Une compagnie pétrolière nouvelle est souvent dirigée par des managers-ingénieurs dynamiques, flexibles ayant une expérience de terrain et qui sont des leaders capables d’entrainer les nouvelles recrues à se dépasser, car au départ on part de rien (l’entreprise n’a pas d’expérience et les compétences ne sont pas certaines à 100%). Après la phase de ceux qui établissent les bases de la compagnie, le siège international envoie en général les « cost killers » des gens rompus à faire des coupes budgétaires. Quant la grogne s’installe les employés se plaignant d’avoir peu de formation, peu d’avantages sociaux, peu d’augmentation de salaires, l’entreprise perdra de l’argent à cause des revendications sociales. A ce moment on envoie le 3ème type de managers, des modérateurs ayant le sens du consensus et de solides connaissances en droit du travail et en RH. Regardez le background des principaux managers et vous comprendrez immédiatement la priorité de leurs actionnaires. Plus une compagnie pétrolière est mature plus les financiers sont au pouvoir, et par conséquent les ingénieurs sont obligés de s’adapter et de réfléchir comme eux. Et ce n’est pas une évolution car le dogme financier actuelle est de limiter au minimum les capitaux investis ou les CAPEX (capital expenditures) et se focaliser sur les OPEX (operations expenditures). Ce qui veut dire qu’on peut surtout dépenser en frais d’équipements de maintenance et en services d’exploitation et dépenser le moins possible pour les immeubles, les engins roulants, etc… Et on aboutit à des résultats parfois stupides sur trois ans, par exemple :

-pour 3 ans de frais de location d’un Pick-up double cabine à 1 800 000/mois, on pourrait en payer 3, maintenance et paperasse incluse.

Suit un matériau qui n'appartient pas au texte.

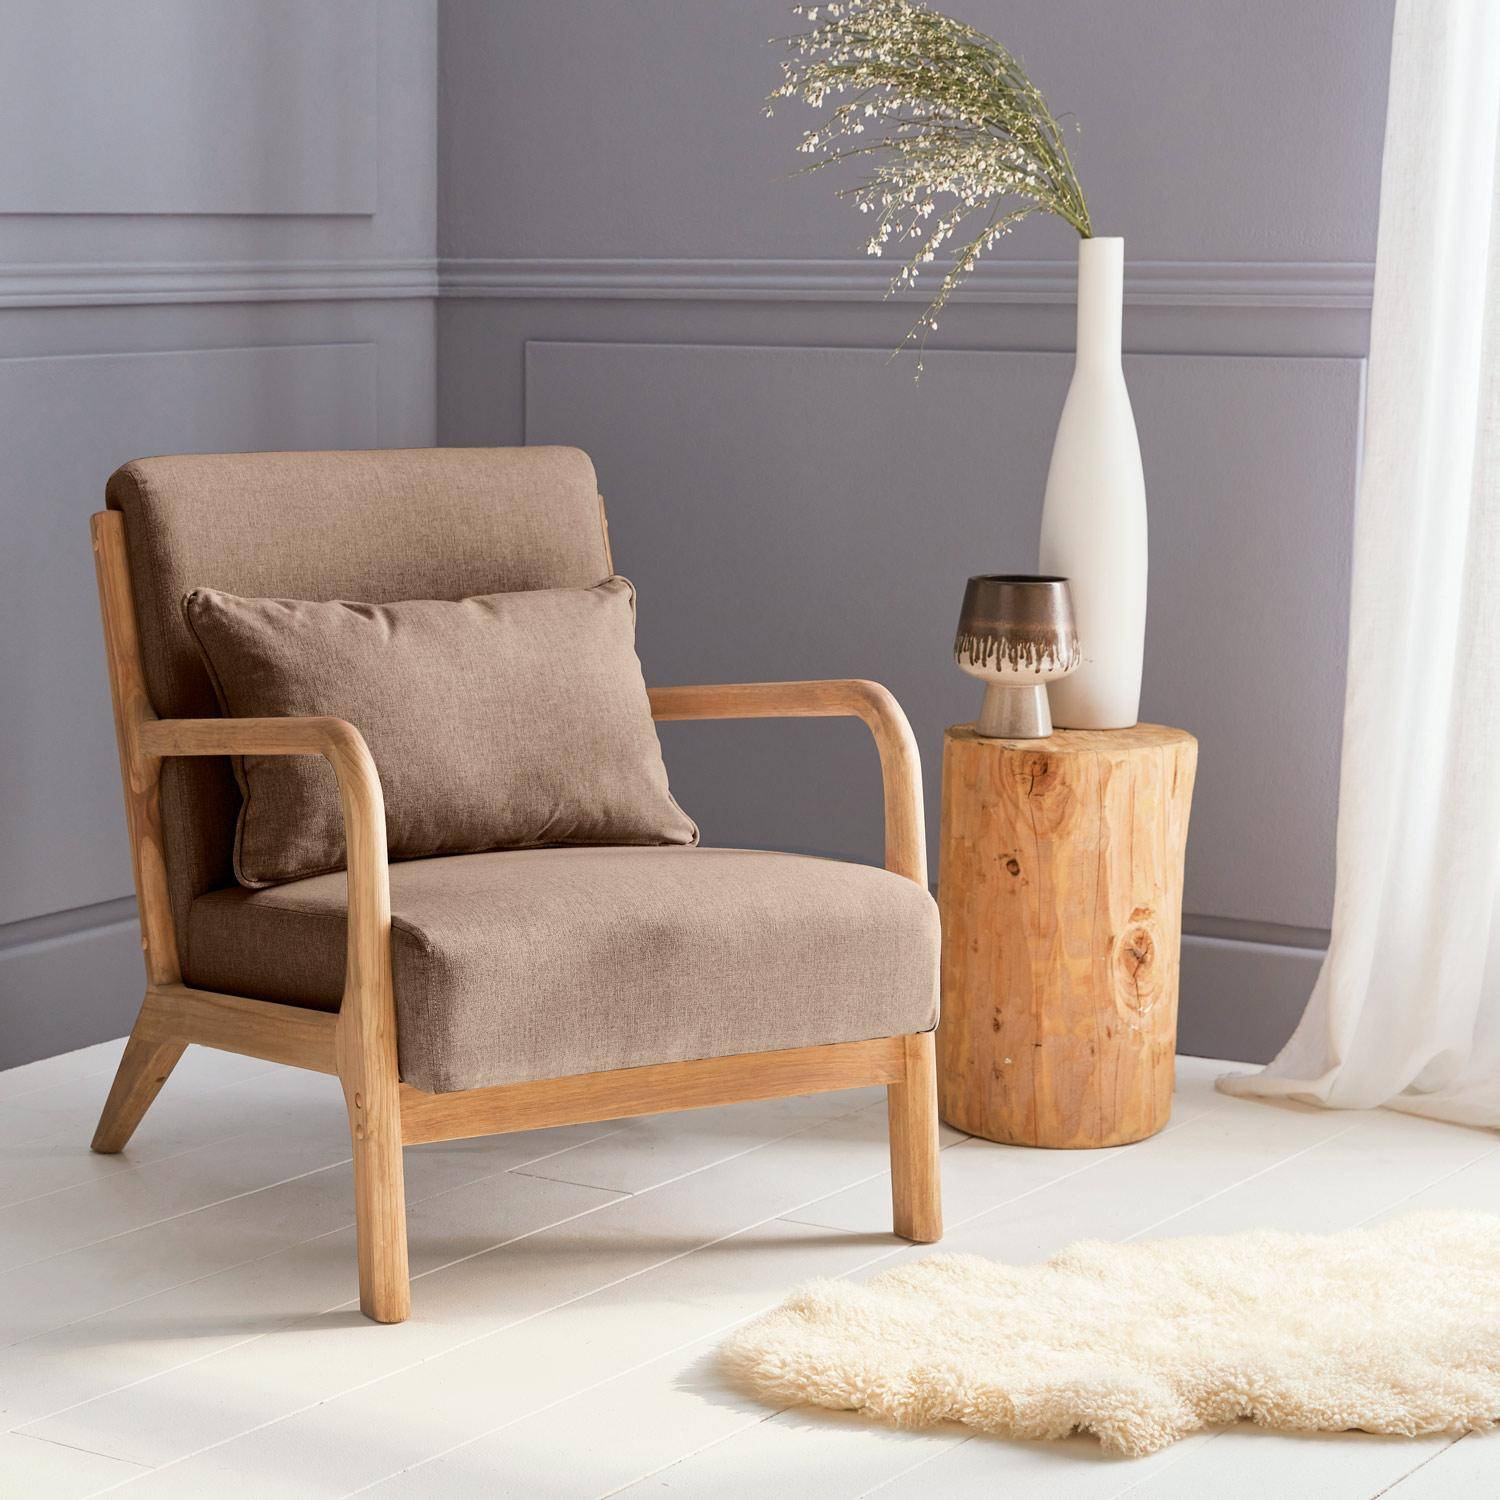 Sillón de diseño marrón en madera y tela, 1 asiento recto fijo, patas de compás escandinavas, armazón de madera maciza, asiento cómodo,sweeek,Photo1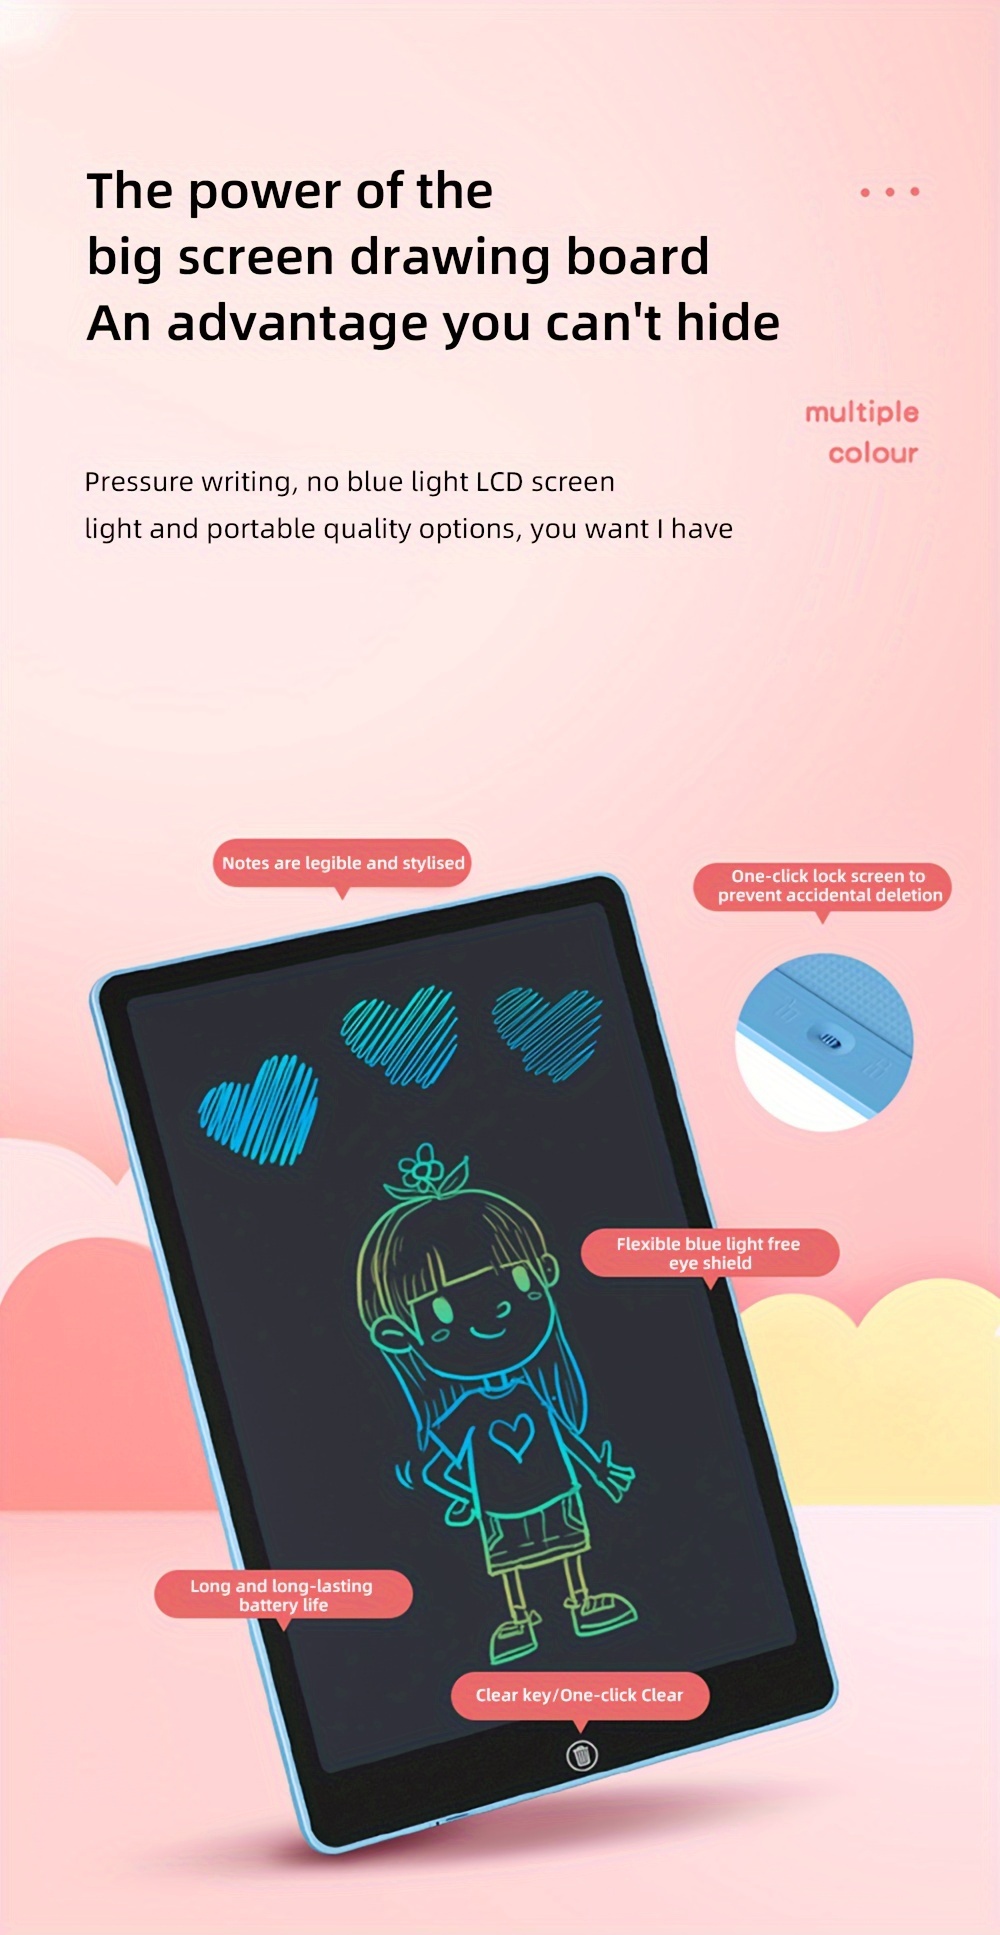 Toddler LCD Lavagna Luminosa Per Disegno A Mano, Impermeabile Con  Protezione Degli Occhi Per Disegni E

-pour 3 ans de frais de location d’une villa pour un directeur à 2 000 000 (3 000 euro)/mois, on aurait pu la construire.

-un conducteur de grue du sous-traitant logistique va couter 4 000 000/mois alors qu’embauché directement il reviendrait trois fois moins cher.

Le dogme est aussi d’être centré sur le cœur de métier, c'est-à-dire que la compagnie peut employer directement le personnel de production ou uniquement le personnel d’encadrement et sous-traiter tous les autres métiers (maintenance, logistique, well services…), il y a des cas où le recours à la sous-traitance est intéressant surtout pour permettre l’emploi de personnel peu qualifié, mais quant il s’agit de personnel hautement qualifié ce personnel peut couter 2 à 3 fois plus cher comme dans l’exemple donné plus haut. La journée de travail en sous-traitance d’un ingénieur très spécialisé peut être facturée jusqu’à 2 000 000 (3 000 euro)/ jour. Mais comme je l’ai dit le dogme financier issu d’une certaine approche du risk management est d’avoir le moins possible de certaines immobilisations corporelles et le moins possible de personnel à gestion sociale problématique pour pouvoir vendre très vite la compagnie le cas échéant. En conclusion ce qu’on peut dire du management des compagnies pétrolières c’est qu’environ 80% des dépenses se font à travers des contracteurs/prestataires principaux ou secondaires. Une compagnie peut tirer des profits substantiels dans les pays où existe un riche réseau de sous-traitants locaux et expatriés, en faisant jouer la concurrence. Au Gabon les sous-traitants sont peu nombreux, surtout expatriés et ont des ententes sur les prix. Les services pétroliers ainsi que les équipements achetables localement sont extrêmement chers mais dans l’urgence souvent on n’a pas le choix ; vaut mieux acheter un produit trois fois plus cher qu’attendre 2 mois qu’il vienne des USA. A titre de comparaison à équipement et éloignement égaux un projet au Gabon coutera 3 fois plus cher qu’au Nigeria ou en Angola (des pays pourtant classés en risque 5, çàd parmi les plus dangereux au monde pour investir. Les coefficients de facteurs de maintenance seront également 3 fois plus élevés au Gabon.

 

Le principal attrait du Gabon est sa stabilité politique, mais il est difficile d’y travailler non seulement à cause de ce qui est dit plus haut, mais aussi à cause des tracasseries administratives, de l’ingérence des caciques régionaux et de la haute administration qui cherchent à racketter les compagnies au détriment d’une juste rétrocession communautaire. Tracasseries amènent graissage de pattes, mais c’est un passage obligé qu’en langage pétrolier politically correct on appelle de la facilitation. Rétribuer les services de facilitateurs cabinet de consultants pétroliers (autorisés à corrompre au nom de leurs clients) arrange tout le monde même si on est limite en porte à faux avec les lois anti-corruption (foreign anti-bribery and anti-corrupt act). Ce paragraphe est important et donne toute la coloration au management local qui est pratiqué dans un pays donné par une compagnie pétrolière. La corruption politique à haut niveau est un must sans cela il est difficile d’opérer longtemps ou même d’avoir des partenariats. La corruption est un jeu où chacun se tient par la barbichette ; le gouvernement a le pouvoir décisionnel politico-administratif, mais les états sont dépendants : les investissements pétroliers sont couteux (surtout investir en offshore) et l’économie nationale est dépendante des revenus pétroliers pour plus de 50% du PIB.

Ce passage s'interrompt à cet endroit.